[Task instructions]: Copy exactly the stretch of lines from the one holding "Depth: 13 cm" through the last line of the data below, inclusive. Leave out pictures.

[Provided records]:
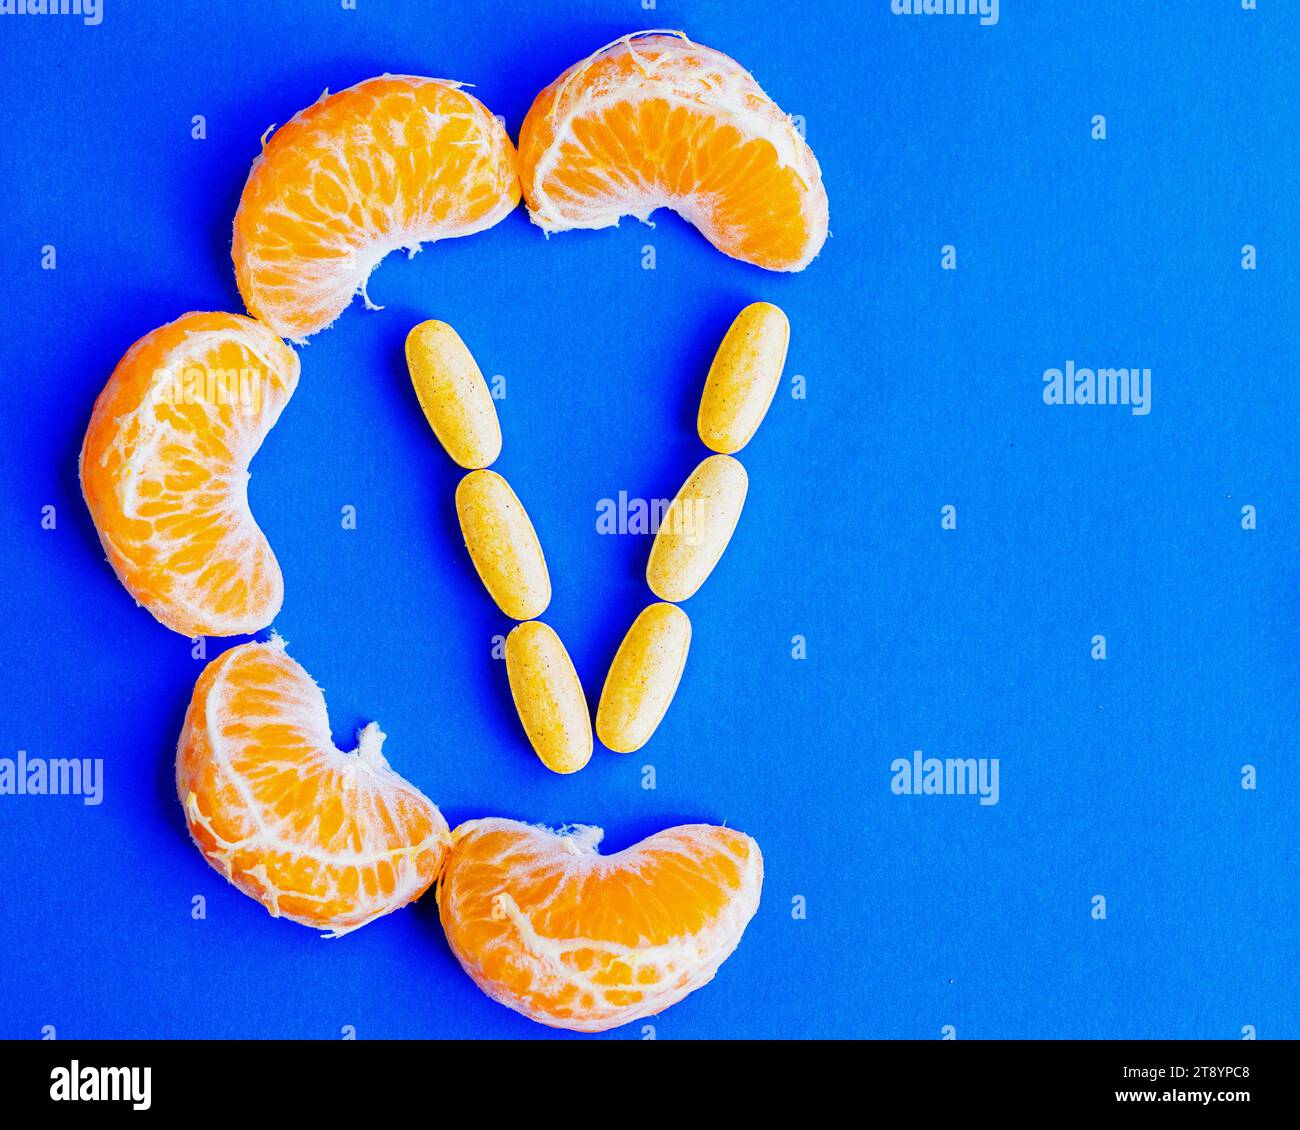 Tangerine slices forming the letter 'C' and Vitamin C pills forming the letter 'V'. Concept of Vitamin C artificial and natural sources Stock Photo
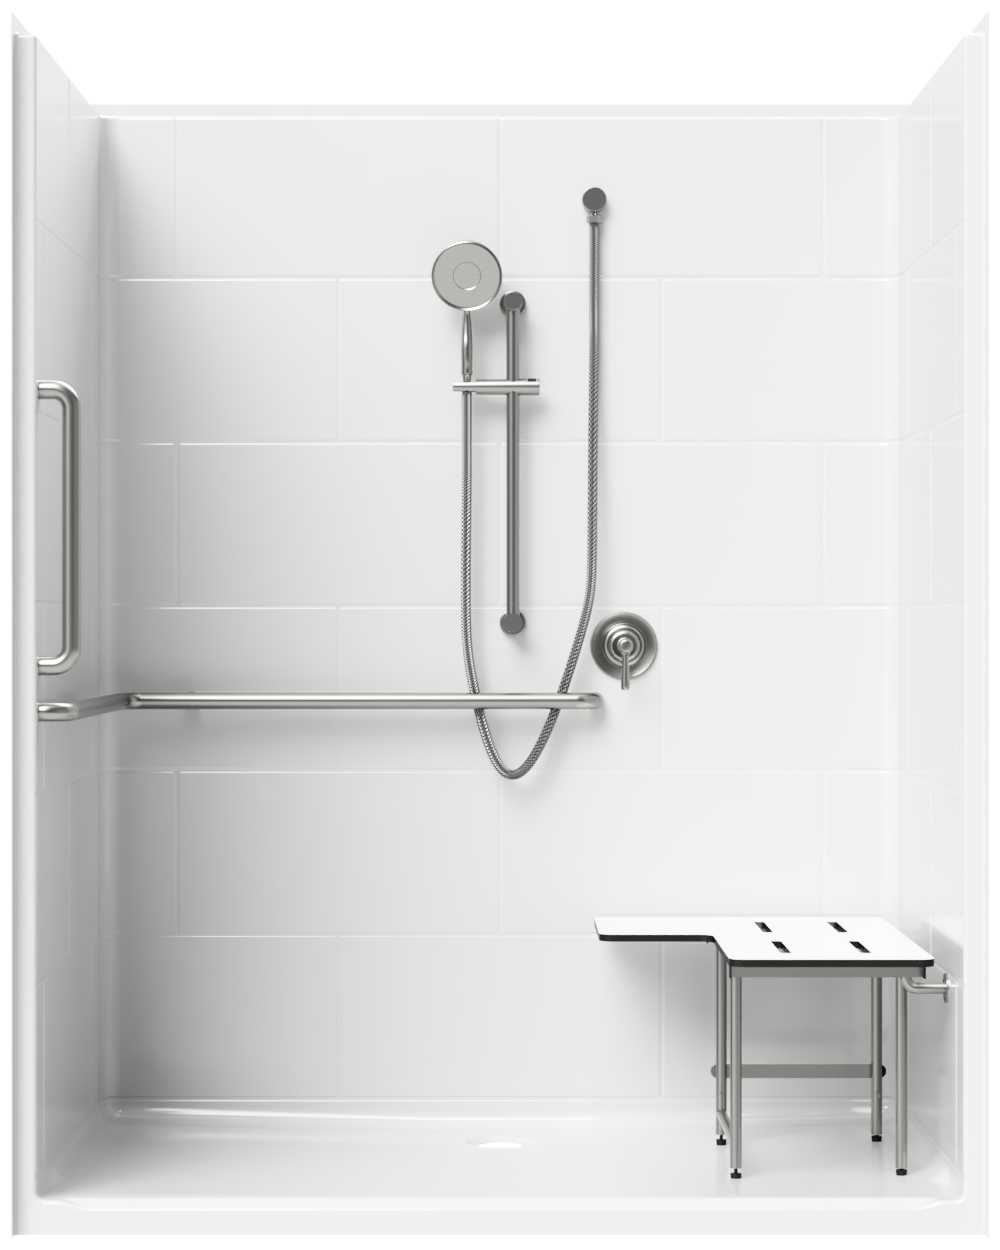 5’ Roll-in Shower With Simulated Tile and Shelf
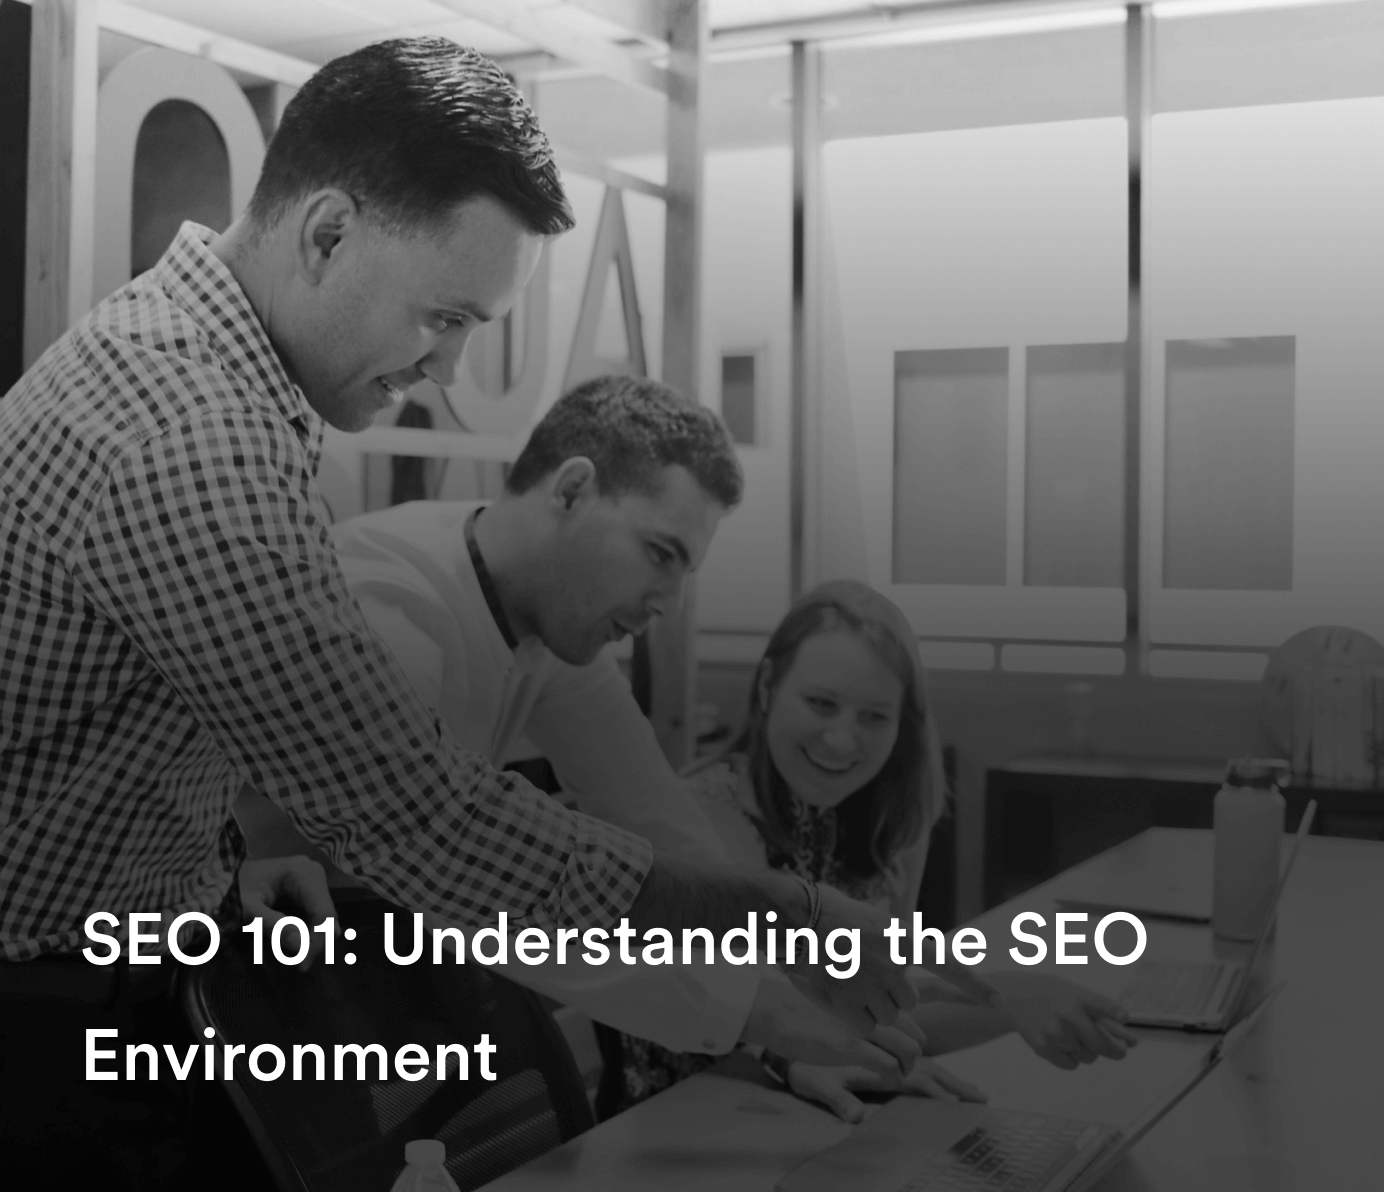 SEO 101: A plumber's guide to understanding the SEO environment.
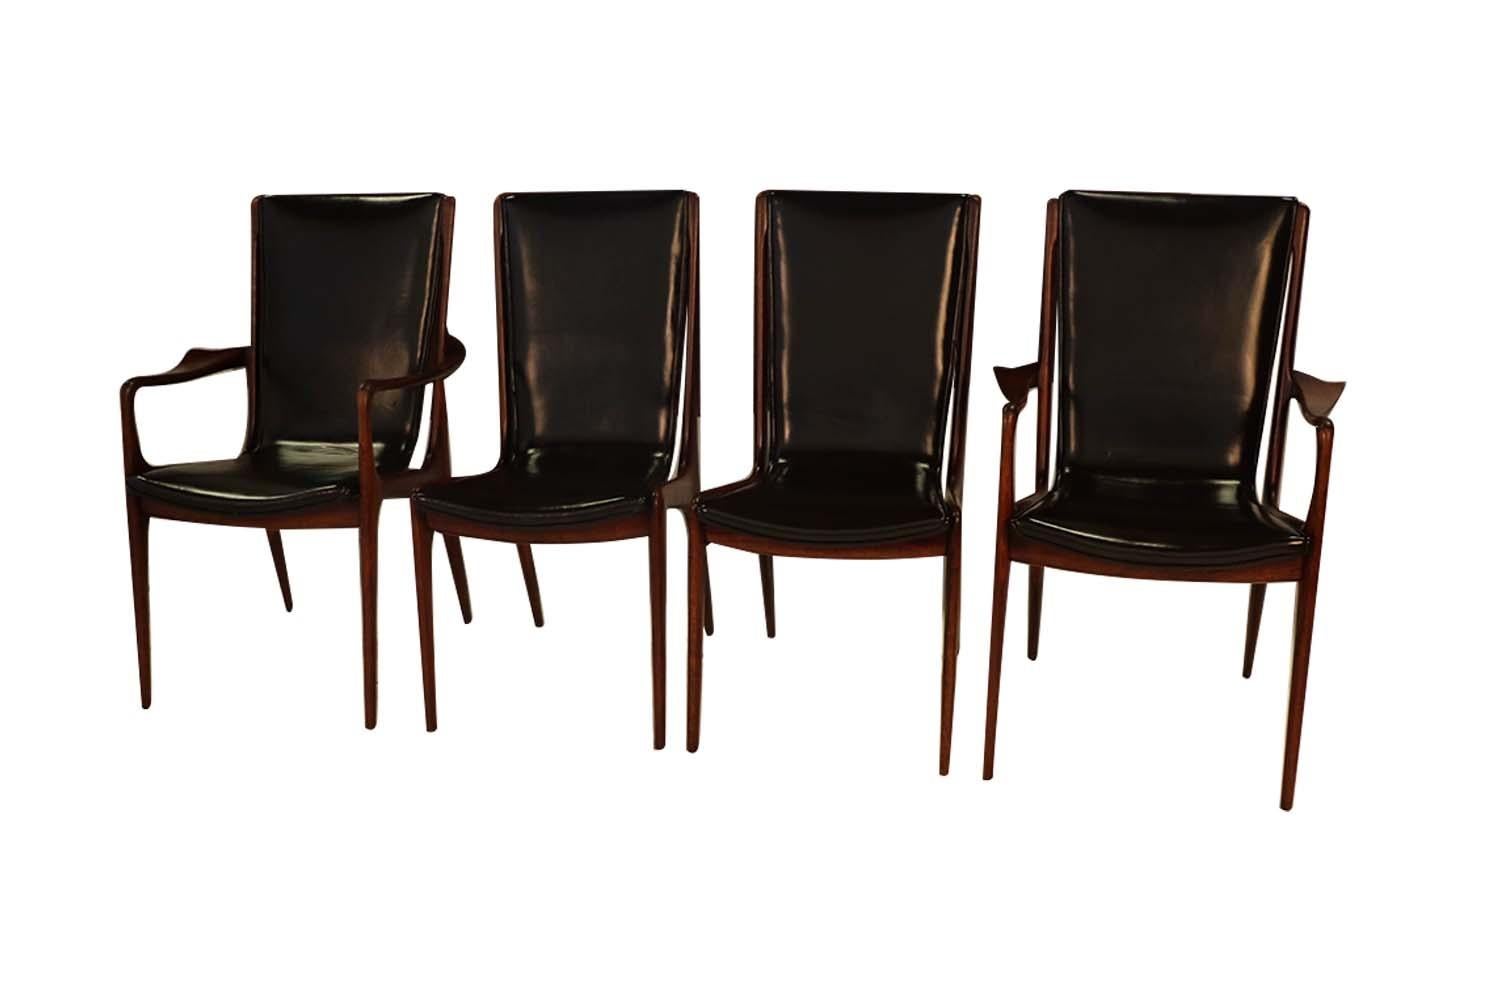 A beautiful rare set of four American walnut, Vladimir Kagan sculpted sling dining chairs, in black leather. This spectacular set of American walnut dining chairs consists of two VK 101 side chairs, and two VK 101A arm chairs. Signed with branded
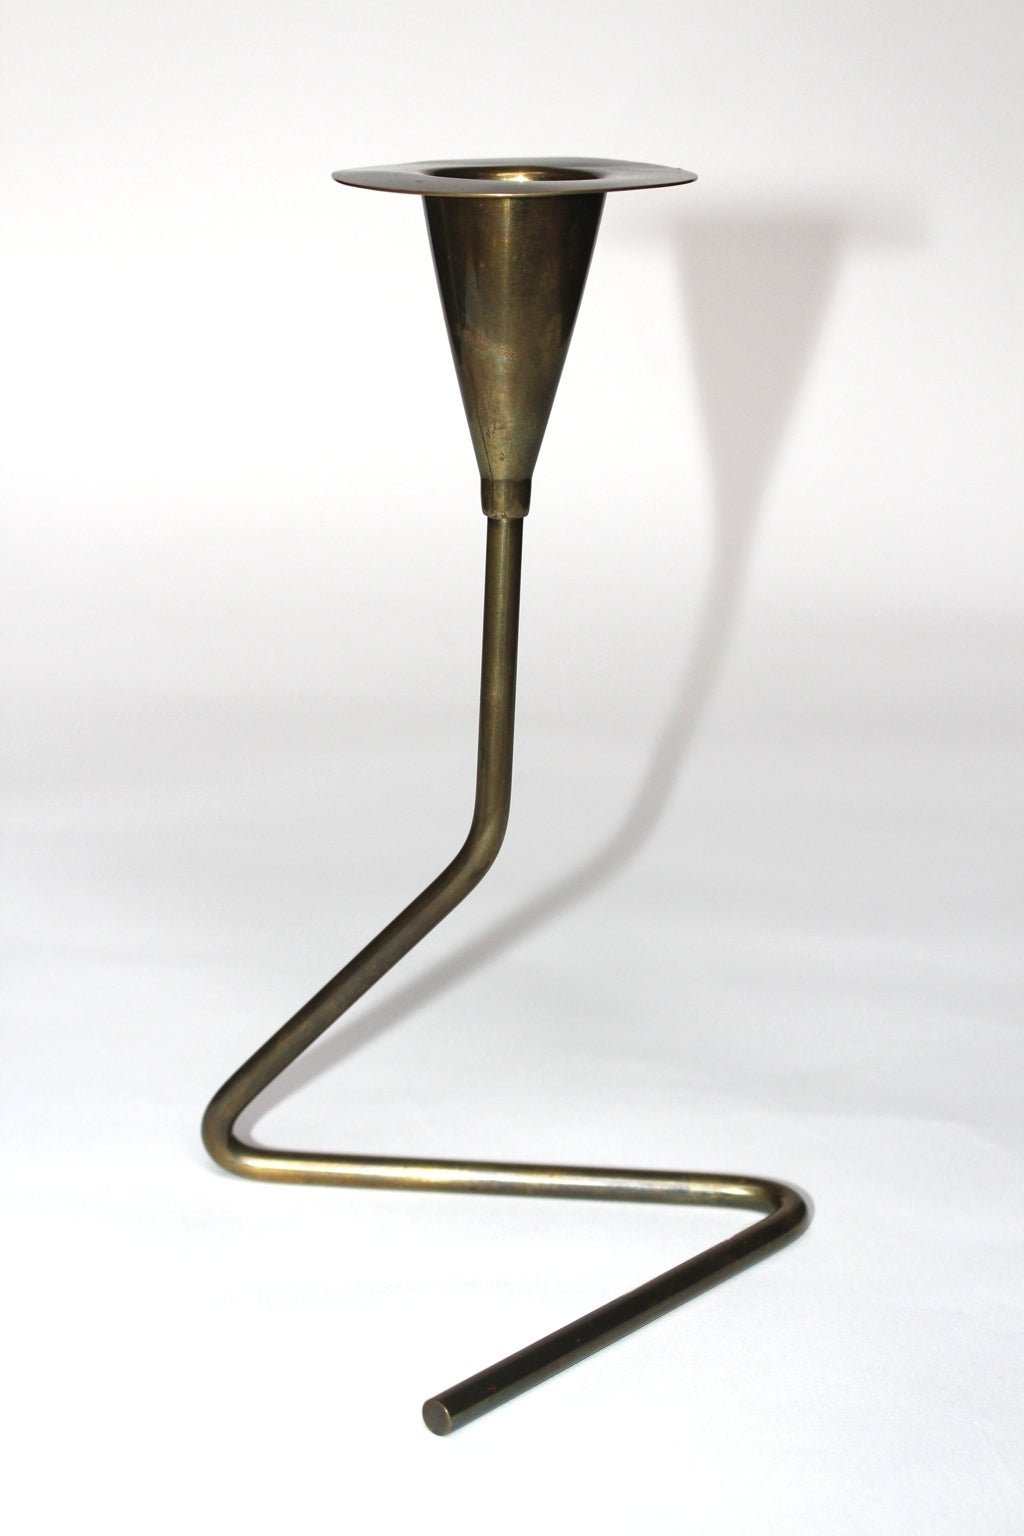 This mid century modern Carl Auböck brass vintage candlestick / candelabras shows a great patina and a beautiful shape.

All measures are approximate.
Width: 12.5 cm
Depth: 13 cm
Height: 21.5 cm

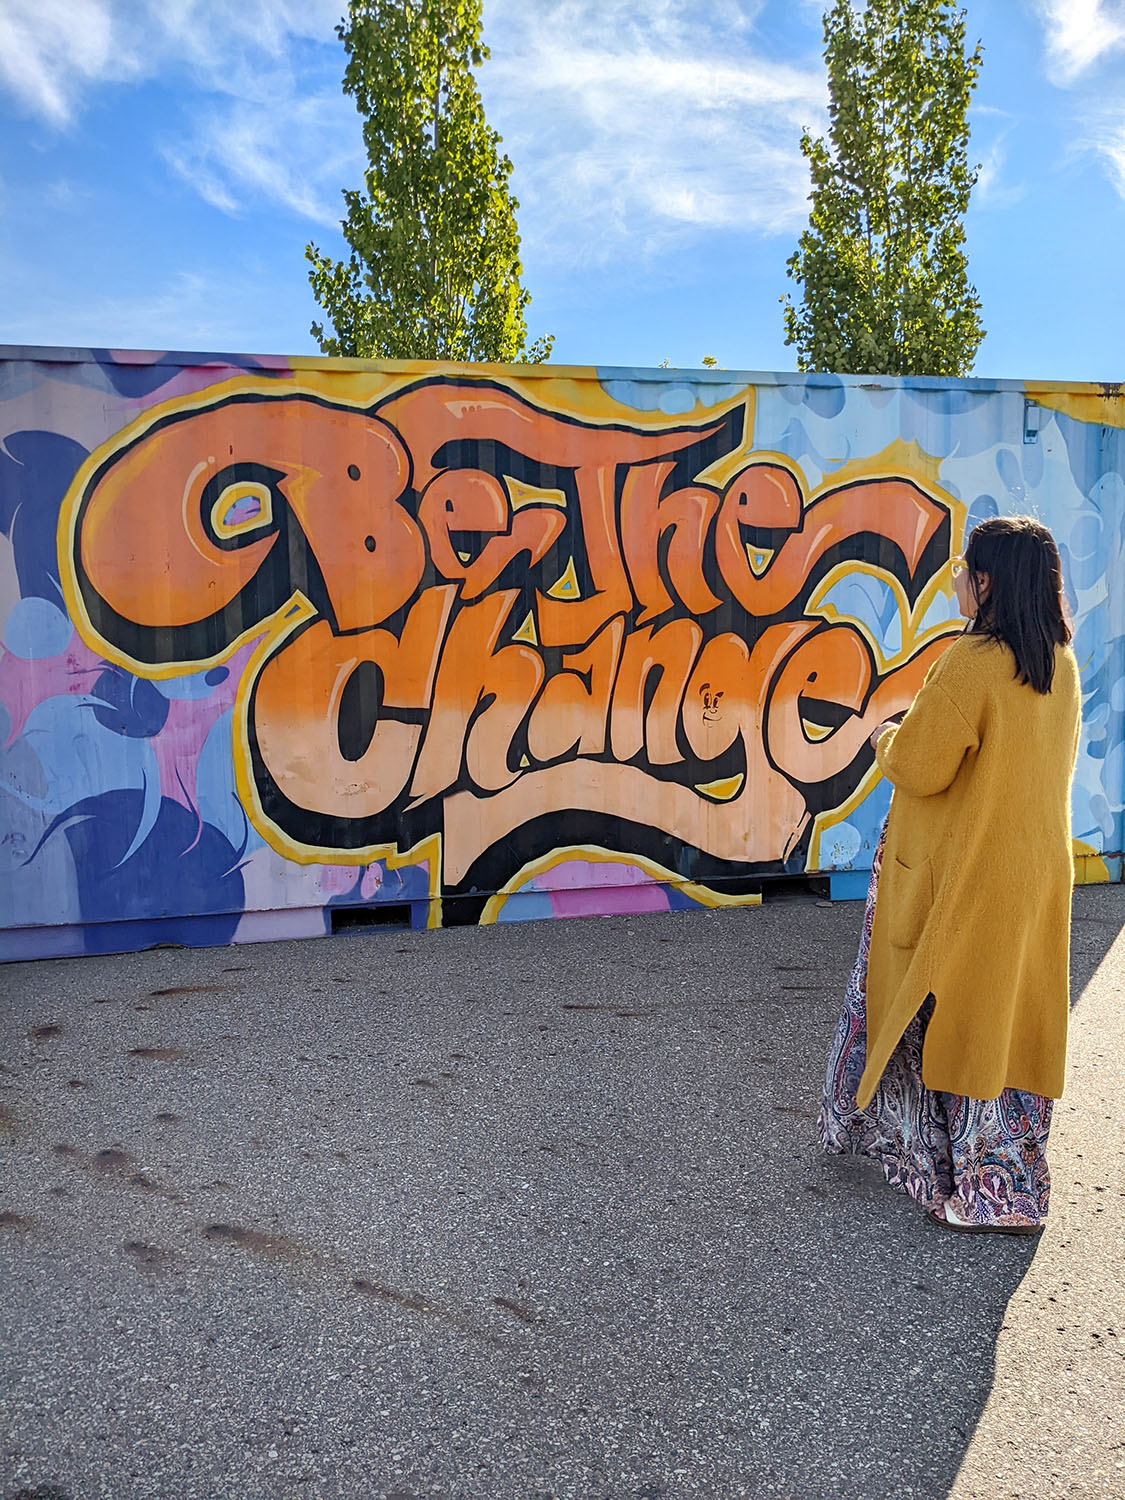 Explore Northern Alberta - Fort McMurray Wood Buffalo Region - Things to Do Food to Eat Where to Stay - Instagrammable Wall Mural Art

[Result for this task]:
Depth: 13 cm
Height: 21.5 cm

 Explore Northern Alberta - Fort McMurray Wood Buffalo Region - Things to Do Food to Eat Where to Stay - Instagrammable Wall Mural Art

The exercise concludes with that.